Work instructions: Return the listing below verbatim. Pictures do not belong in the copy.

Dataset extract:
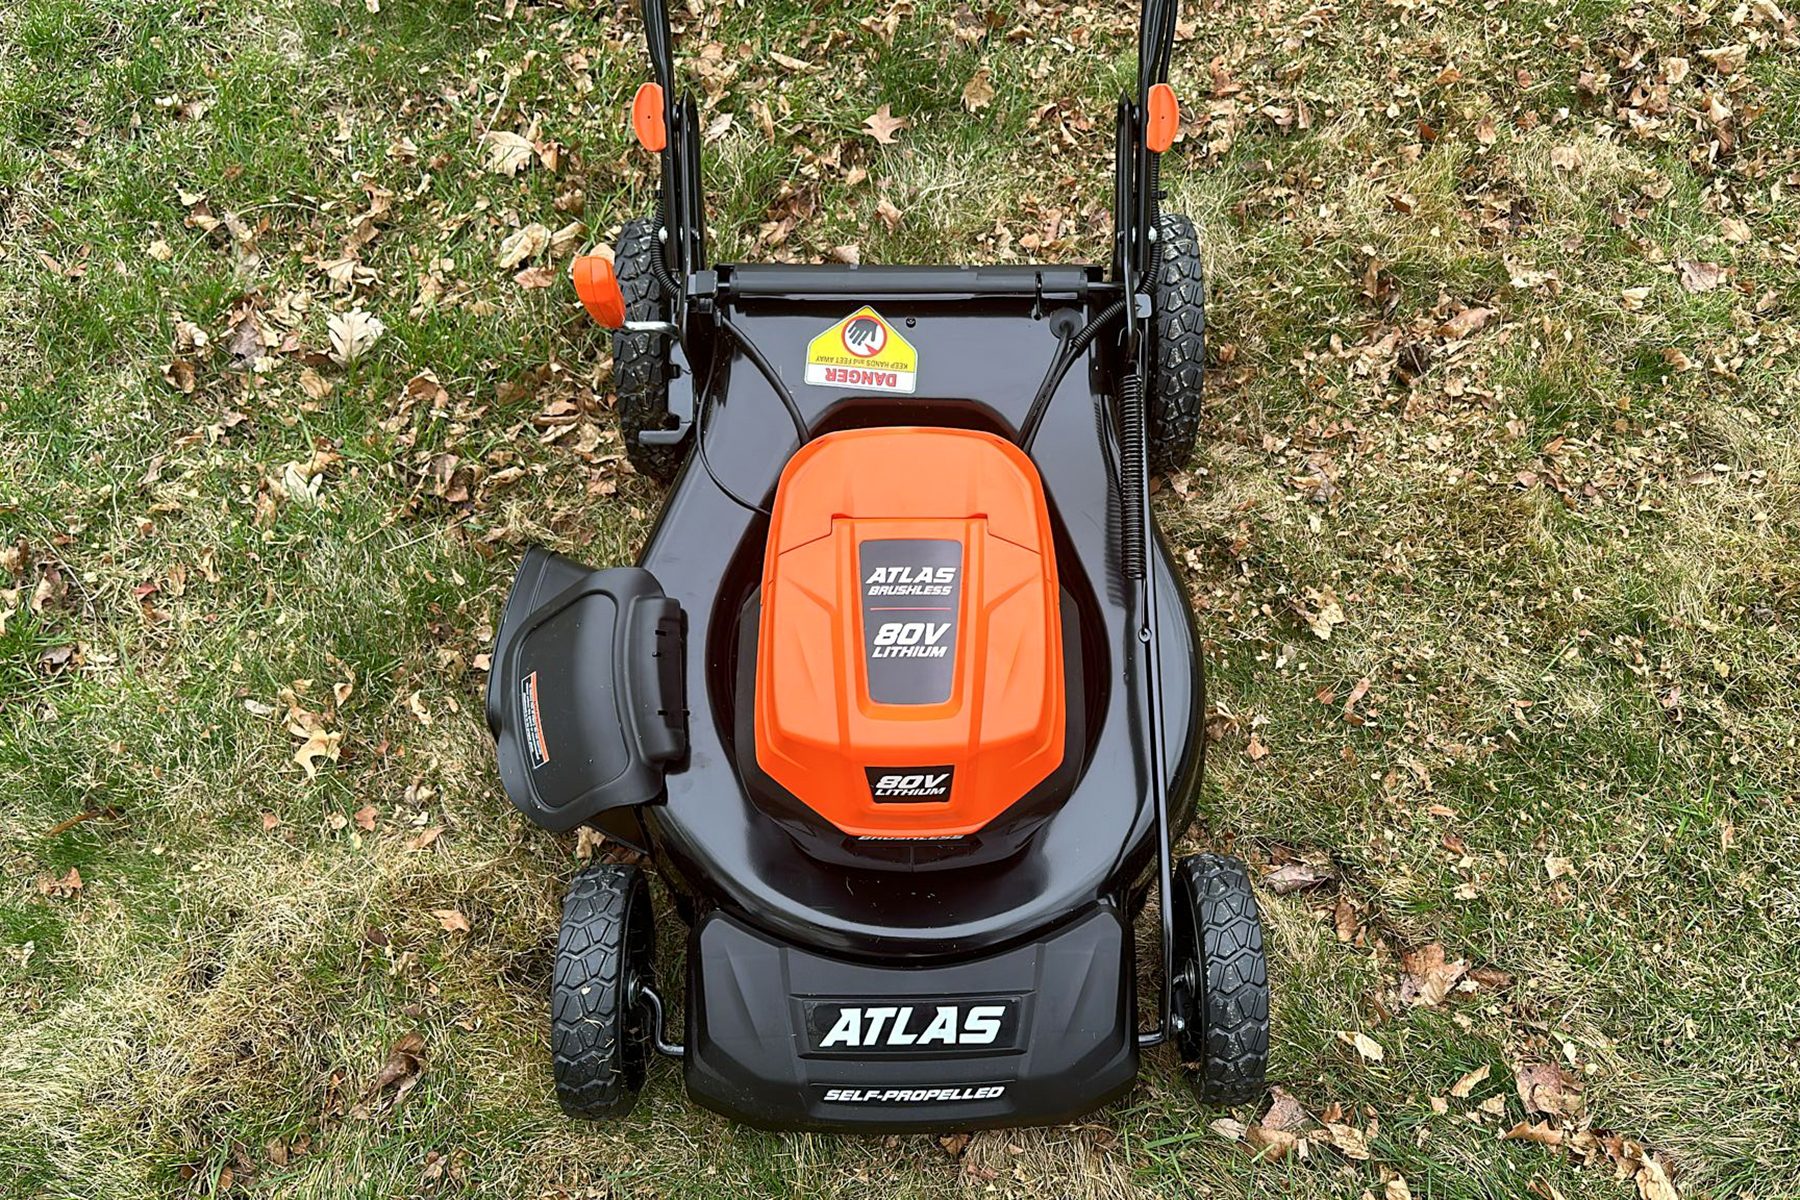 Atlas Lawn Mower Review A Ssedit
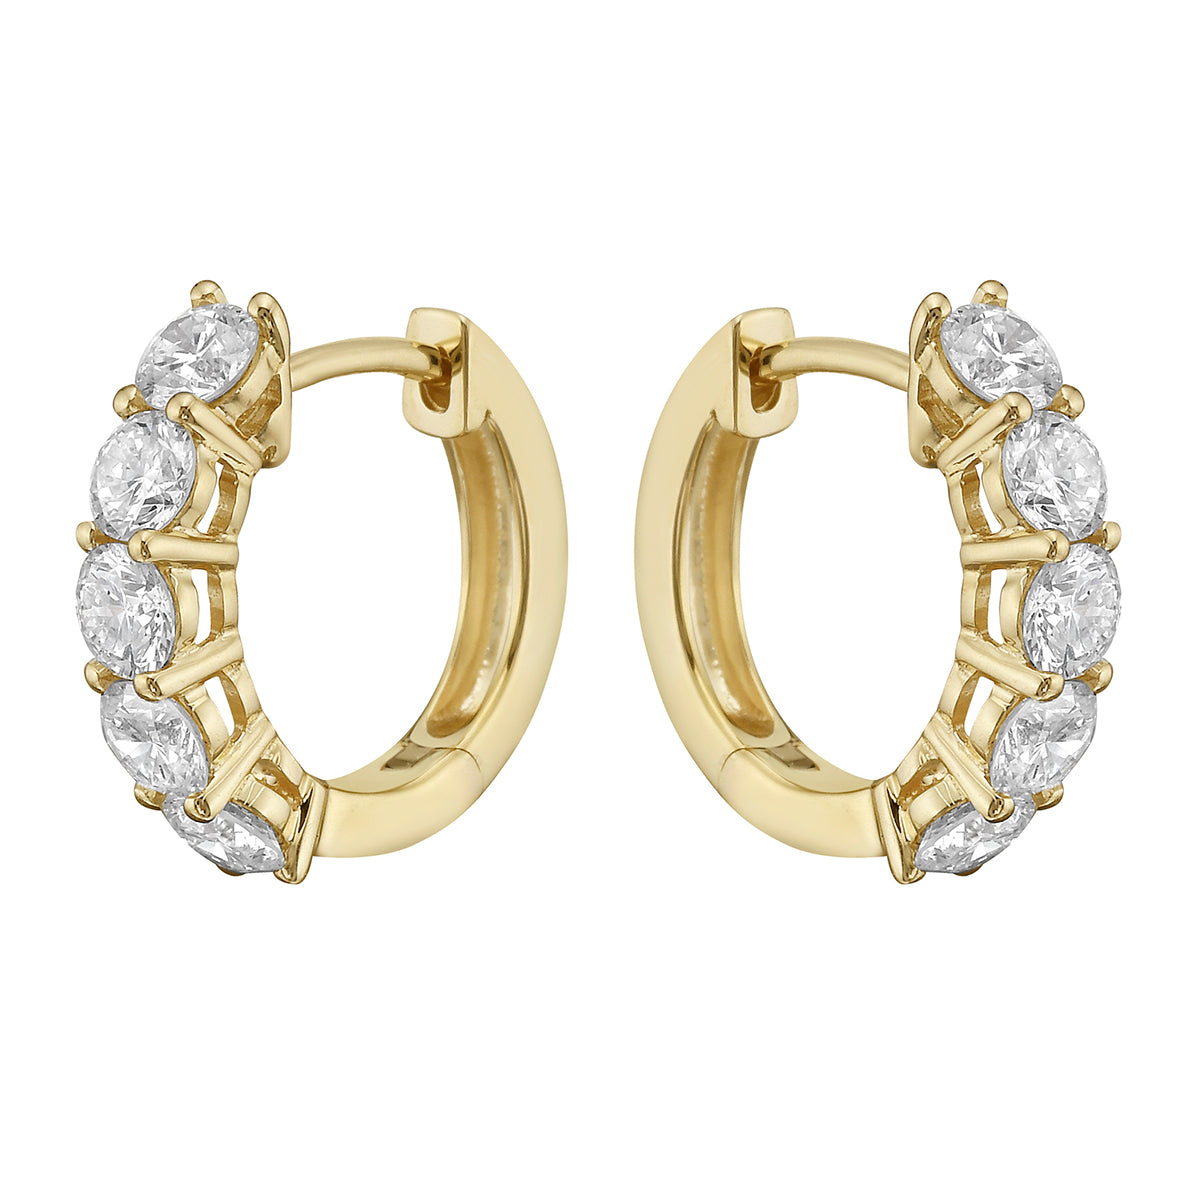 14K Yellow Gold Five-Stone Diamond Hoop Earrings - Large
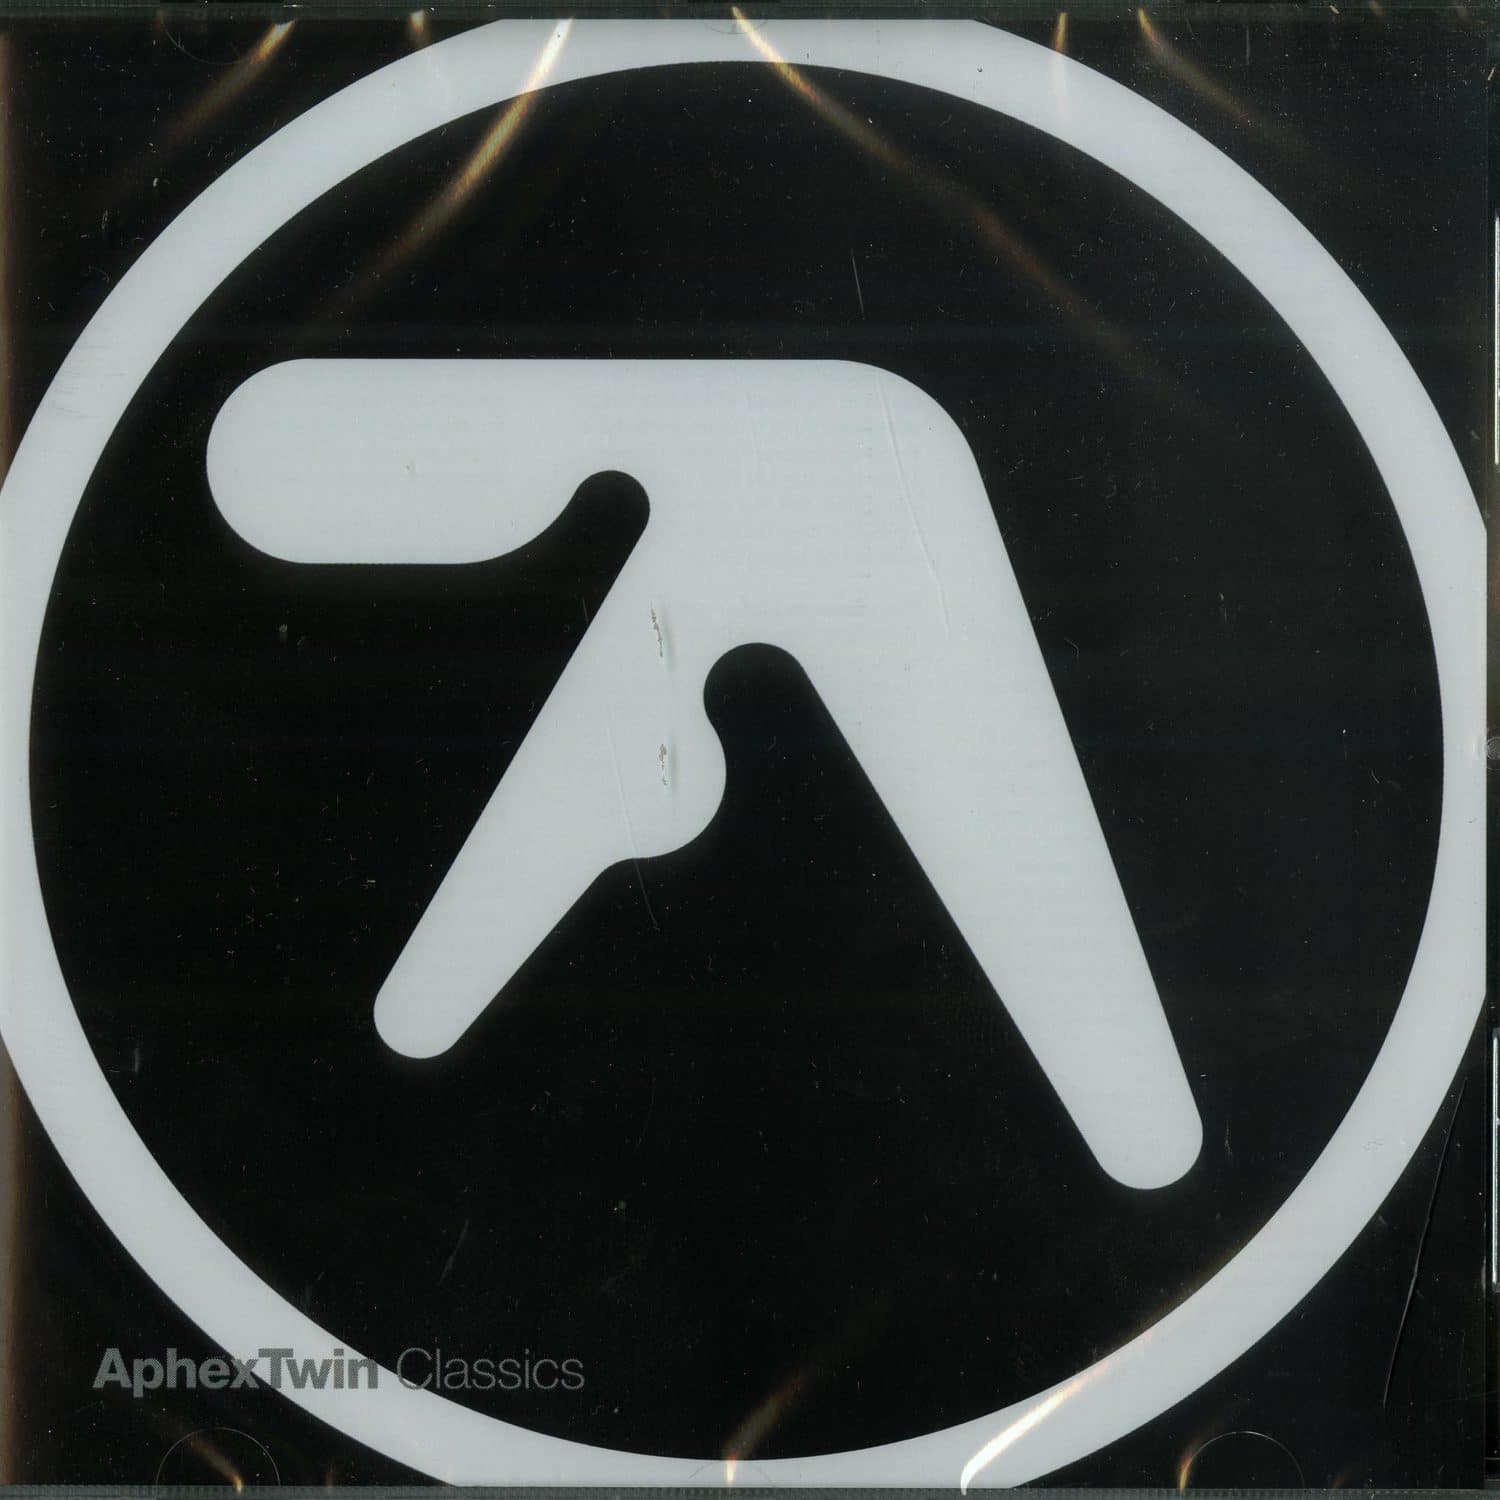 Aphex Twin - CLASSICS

Solution below:
 Atlas Lawn Mower Review A Ssedit
 14K Yellow Gold Five-Stone Diamond Hoop Earrings - Large
 Aphex Twin - CLASSICS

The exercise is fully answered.